Until then I'm thinking anything that we can add that helps diagnose things is probably the best path to go down. Either seeing if we can get sentry errors for browser crashes or monitor the memory usage.

mdbenjam on 19 Sep 2017

sentry errors for browser crashes

I don't think that's possible. This is a native code crash in the C/C++ layer. The interpreter will also crash along with the tab container process. There is no chance for JS engine to run because this is not an exception that can be caught in the managed JS world.

If you look into chrome crash reporting, you can notice that the report actually contains a minidump file to Google. The dump report is something that requires a debugger (e.g. windbg/gdb) with debug symbols to interpret.

askldjd on 19 Sep 2017

Today's investigation report

Tested in UAT. Opened appeal 1075466 in an incognito tab and flipped rapidly back and forth to the end of all 65 documents and back to the first, for 1-2 minutes.

Memory went up to 1GB while i was flipping, then continued to climb slowly with no user input until it hit around 8GB. I force quit Chrome at that point.

amprokop on 19 Sep 2017

It really hard to diagnose this issue without actually being able to replicate it consistently. I agree with Mark, he has been doing a pretty big refactor of pdf.js and page rendering logic. It might be a wise to wait and see if the problems still persists after the refactor.

But we do need a better way to diagnose this problem and actually capture some data from the users.

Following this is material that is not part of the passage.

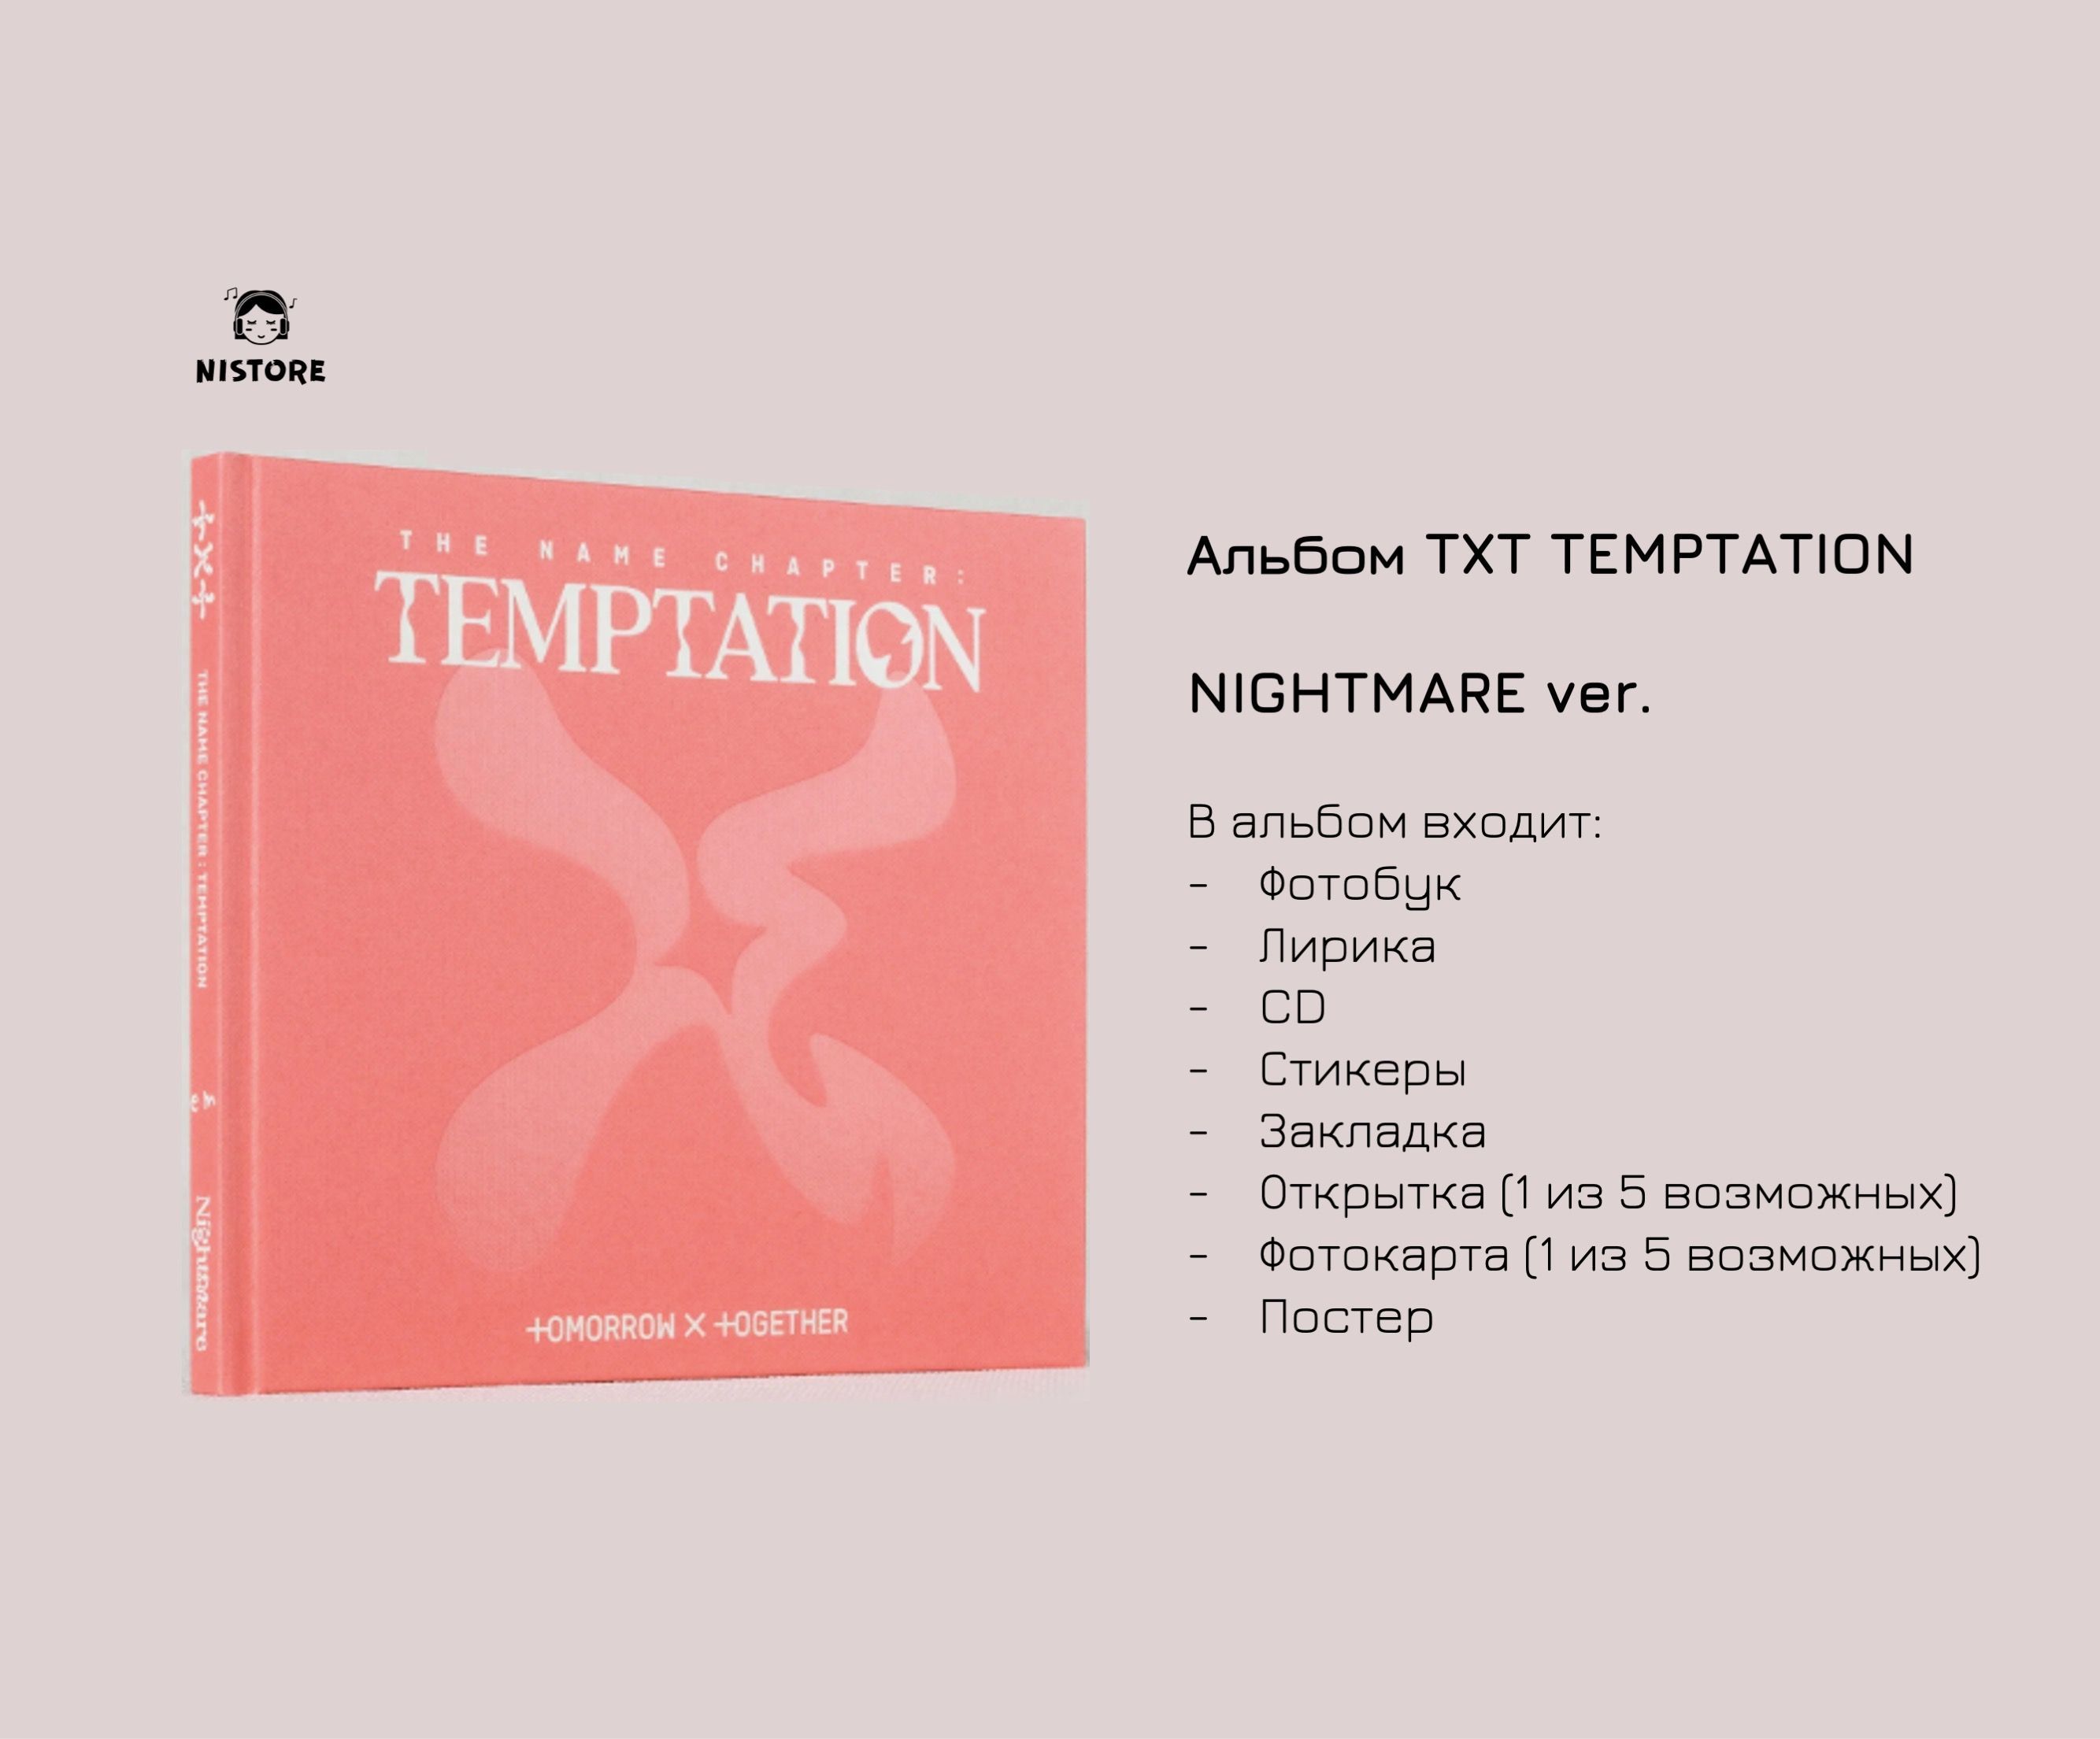 Альбом тхт 2024. Альбом тхт. Альбом тхт Temptation. Txt the name Chapter Temptation альбом. Альбом тхт-Чаптер.

Is it always the same users that have this problem or is the set variable?
How often does this happen per day per user? What exactly are they doing when this happens?
Could the be max cache limit being reached? I'm not sure how chrome reacts if the number is reached.
We should watch this crash happen live at a user's desk and observe the patterns that are causing this problem. Maybe have a tech savvy user record this?

I'm not sure how useful monitoring the heap size might be, if it's only capturing the Javascript memory and nothing else.

Pdf.js tests have to wait until Mark finishes up with the refactor.

tejans24 on 19 Sep 2017

Yeah — since @mdbenjam advised that he's about to refactor a ton of the code, I think we should wait to continue investigating until that's merged in. No sense trying to hit a moving target on this.

amprokop on 19 Sep 2017

👍2

Going to leave this issue open, but assign it to @mdbenjam for now — @mdbenjam when you merge in your refactor, can you assign it back to me?

amprokop on 19 Sep 2017

👍2

It's reproducible. I just crashed my machine completely by leaving reader open.

Also see:

Documents with 100ish pages can easily crash. confirmed by users referencing 500+ page documents.

need a user in UAT with all 500+ page documents? Just Slack me.